Revised October 2017

Introduction

This essay's first drafts, written in 1998, began with a several page chemistry narrative that presented some chemistry concepts. The original chemistry prelude was designed to help the reader understand the nature of fluoride, why it is used in industry how it is, why it is a waste product of certain industrial processes, and lays the groundwork for understanding why it was so important in the nuclear industry. Early readers felt that it was too much technical information for the lay audience, particularly to begin their reading experience. That prelude is now an addendum to this essay. Reading the prelude is not imperative for understanding this essay, but might make some issues clearer.
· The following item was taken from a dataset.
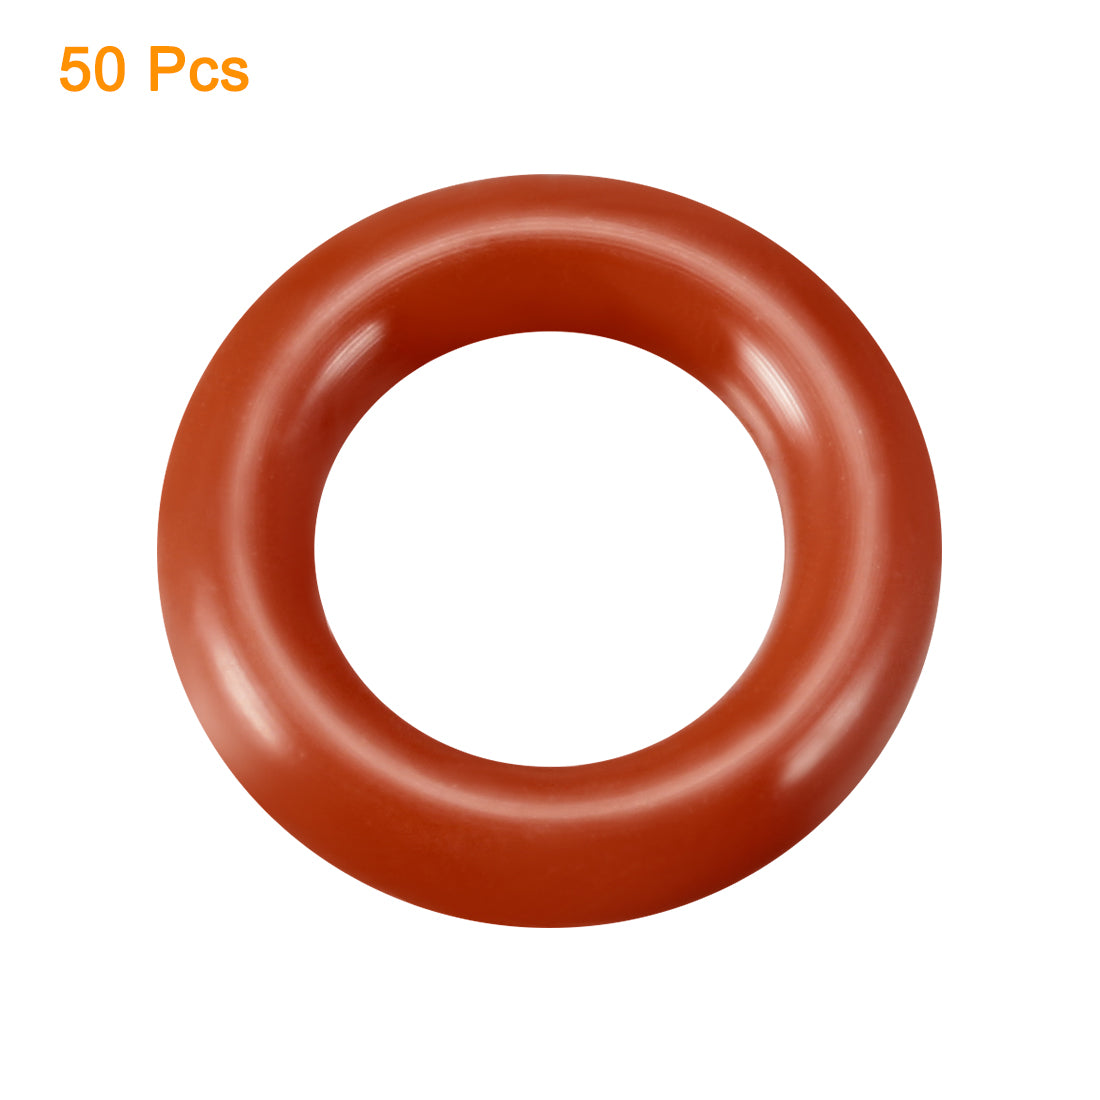 uxcell Uxcell Silicone O-Ring 15mmx8.8mmx3.1mm VMQ Seal Rings Sealing Gasket Red 50PCS

In short, fluorine is the most reactive element known to science ("reactive" means its affinity to bonding with other elements).[1] In nature, fluorine is found bonded to other elements, never found by itself, and is rarely found in its ionic state. The industrial processes of the 19th century created the most toxic pollutants that humanity had seen to that time. Taking ore from the earth and removing the metal, especially in aluminum refining, created hazardous waste.

In its ionic state, fluorine is highly toxic. Fluorine bonded to metallic ore in the earth was liberated during the refining process and is difficult-to-impossible to safely dispose. The aluminum refining industry was the biggest and most influential fluoride polluter around 1930, and in America only one company was in the aluminum business: ALCOA.

Fluorine is also useful for producing artificial chemicals such as Teflon and Freon, because of its unique properties. Those unique properties also made fluorine indispensable for refining uranium to extract its most radioactive isotope, which made the nuclear age possible.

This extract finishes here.